Danity Kane: Danity Kane

Danity Kane
Danity Kane
Bad Boy
2006-08-22

The name. Danity Kane. Admittedly, it’s not as lifelessly corny as, say, O-Town. Still, it sounds more suited to the dairy aisle at the grocery store than the R&B section of the music store. The artwork: Horrible. A logo that looks swiped from some ’70s prog band’s “greatest hits live” album. A cloud-covered, Martian sky. Clothing and hairdos straight out of Attack of the Voracious Hooker Babes in Space.

Seemingly trivial, superficial details like these are worth scrutinizing here, because there’s no pretense that Danity Kane is anything other than cold, hard consumer product. Namely, the product of the latest installment of Sean “Diddy” Combs’s Making the Band show that airs on MTV. Everything about Danity Kane — from the five members who were hand-chosen by Diddy himself from a group of hopefuls, to the producers, songwriters, and wardrobe, has been carefully assembled. In fact, that name, taken from one of the members’ anime drawings, is probably the most personal, naturally-occurring part of the whole deal.

You could argue, convincingly, that there’s not that much difference between Danity Kane and the scores of other carefully-calculated pop acts out there these days — that in this case what usually happens behind closed marketing department doors has merely been turned into a TV show. Or, you could claim that these five women — former amateurs all — are more the “real thing” than a rich kid with a Disney pedigree. The problem is that both those claims turn out to be negatives: Danity Kane sound just like the scores of other carefully-calculated pop acts out there, only less professional.

To his credit, Diddy, as executive producer, has poured resources into the music and songwriting. Familiar faces from within and without his Bad Boy Records stable have been corralled in (or, more accurately, paid) to ensure that Danity Kane sounds up-to-date. Bryan-Michael Cox, Jim Jonsin, Rodney Jerkins, Mario Winans, Scott Storch, Mario Winans, Ryan Leslie, Rami and Arnthor Birgisson, Timbaland — all are veterans of the boy band / teen pop / desperate R&B veteran circuit; put their resumes together and you’ll find Backstreet Boys, 98°, Christina, Britney, Janet, Boyz II Men, and more. But instead of being eclectic or even disparate, Danity Kane is full of the clattering, mid-tempo, bass-heavy, spaced-out grooves that currently dominate mainstream hip-hop and “R&B”.

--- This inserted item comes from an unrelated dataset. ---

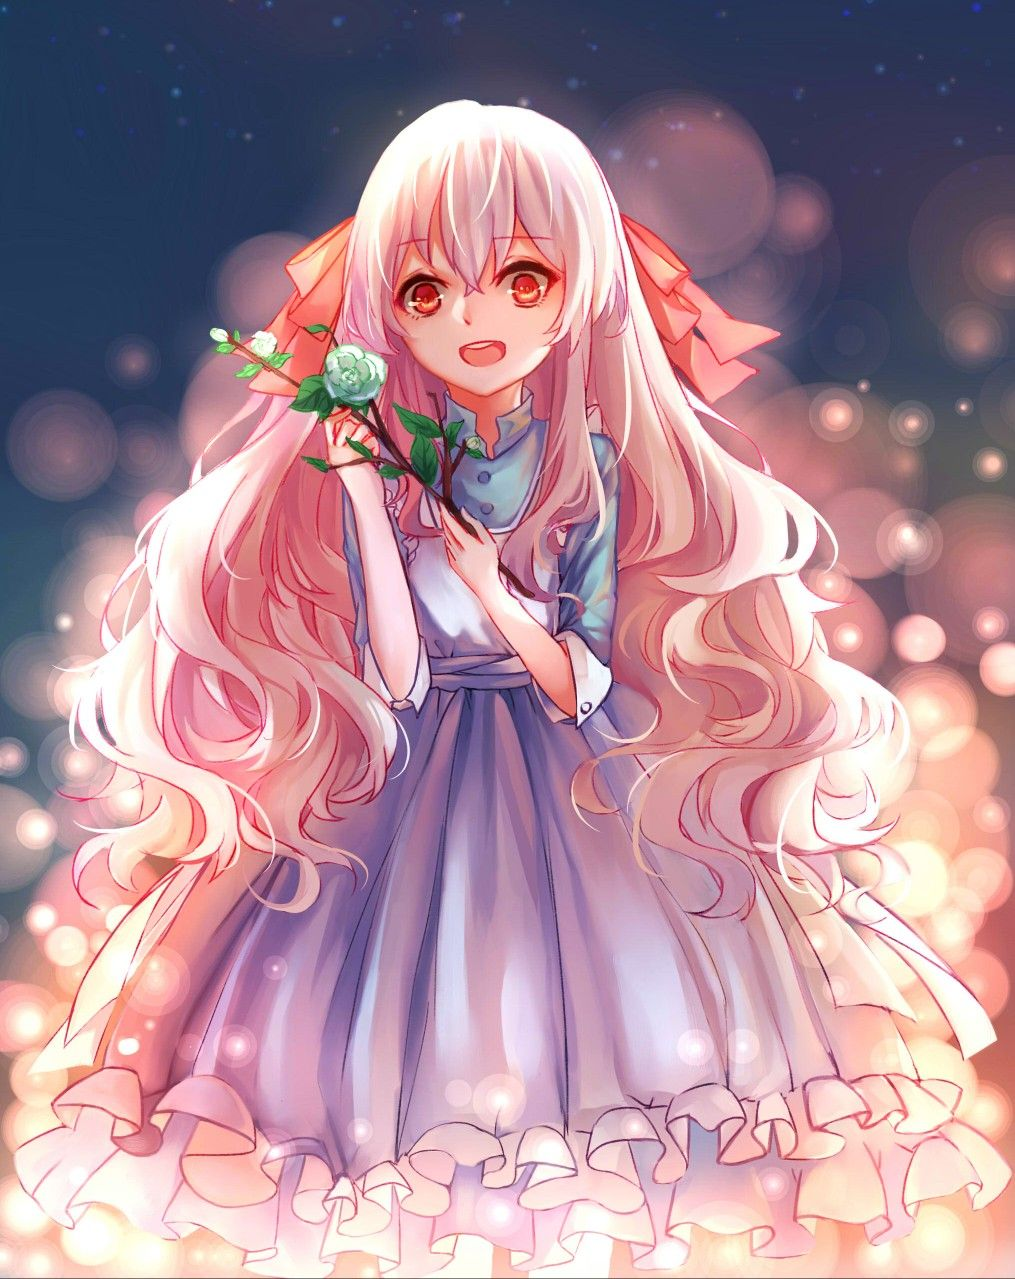 Cute Kawaii Anime Wallpaper : kawaii, anime, wallpaper, Kawaii, Anime, Wallpapers, Backgrounds, WallpaperAccess

It sounds good as far as this type of thing goes. Every so often, the production is even interesting. The staccato Spanish guitar that forms the backbone of the Jonsin-produced “Heartbreaker” is oddly reminiscent of the Cure’s 20-year-old confection “The Blood”. Timbaland, the forward-thinking hip-hop producer, makes most everything he touches that much more palatable, and his two contributions are probably the album’s strongest: “Want It” wraps a catchy, sassy vocal hook around old-school synths while the even better “Right Now” hangs its verses on a tense, circular piano figure before opening up to a warm, expansive chorus. These songs also lend the album its only hints of emotional resonance — the ladies don’t sound like they’re singing something that’s just been handed to them.

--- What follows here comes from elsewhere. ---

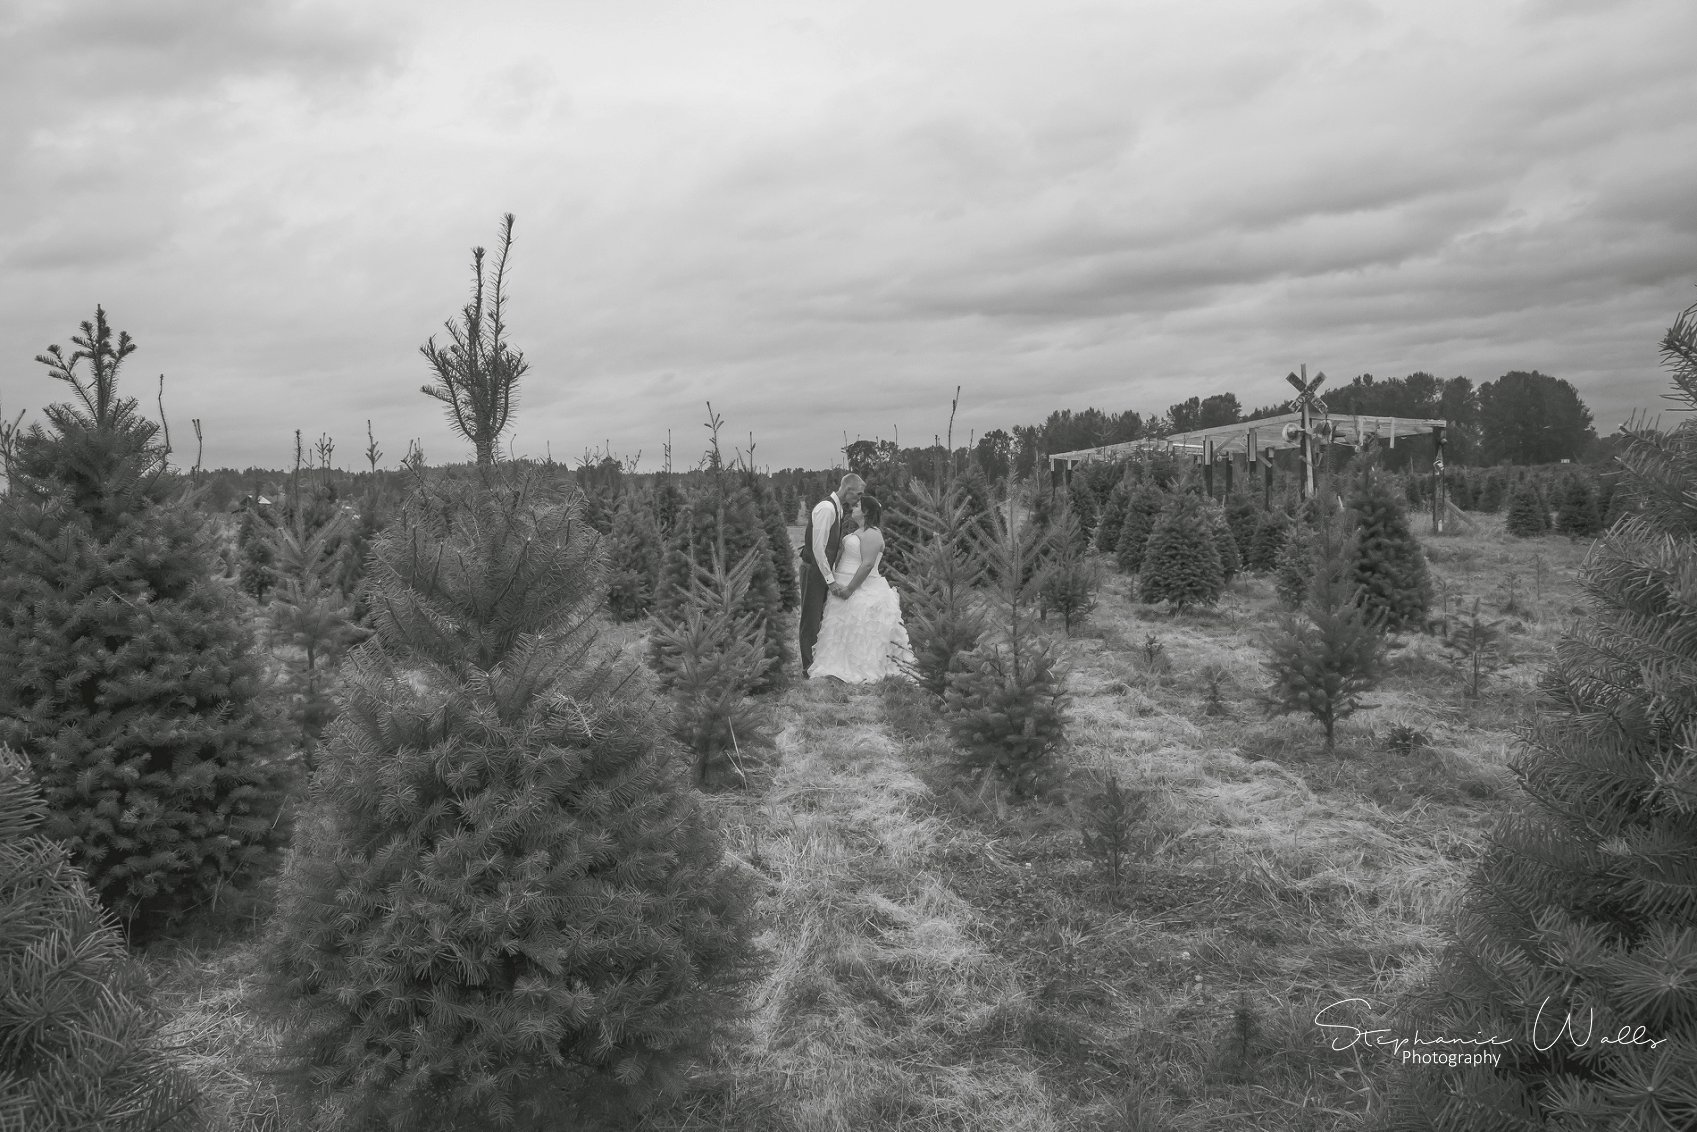 Kimble Wedding 102 1 Marlena & Allans | Snohomish Red Barn Events (Stocker Farms) | Snohomish, Wa Wedding Photographer

But most of the rest runs from undistinguished to intolerable. The Jonsin-helmed “Show Stopper” sounds more bored with itself than any smash hit single in recent memory, while Cox’s ballad “Ride for You” is every bit as horrible as its title portends. Storch’s sole contribution, “Sleep On It”, apparently a last-minute addition, sounds like the Paris Hilton castoff it probably was, with the ladies embarrassingly exclaiming “sleep oowneah” many times too many. In another telling moment, “Touching My Body” — the very first thing Danity recorded — packs more attitude and sexual tension than the rest of the album put together.

Most tracks have separate “vocal production” credits, suggesting that the women of Danity Kane were rarely in the same area code as their producers. But the disconnect between music and vocals isn’t nearly as big a problem as the vocals themselves. They’re (mostly) in key and polished, manipulated, and multi-tracked to within an inch of their lives. Honestly, their mostly thin quality and the occasional missed note are the only hints that the voices are human at all. It’s no coincidence, either, that from The Supremes to TLC to Destiny’s Child, all the best R&B girl groups have been trios — there’s simply not enough space in the arrangements to fit five voices comfortably.

Danity Kane was a bit of a sales phenomenon in its first week of release, suggesting that a multimedia hype campaign trumps lousy graphic art. While the music’s competent enough, any of the voices could be replaced by that of literally any competent female singer to no discernable effect. And that’s probably just the way Diddy wants it. Hip producers will be around long after Danity Kane is nothing more than fodder for an MTV nostalgia show.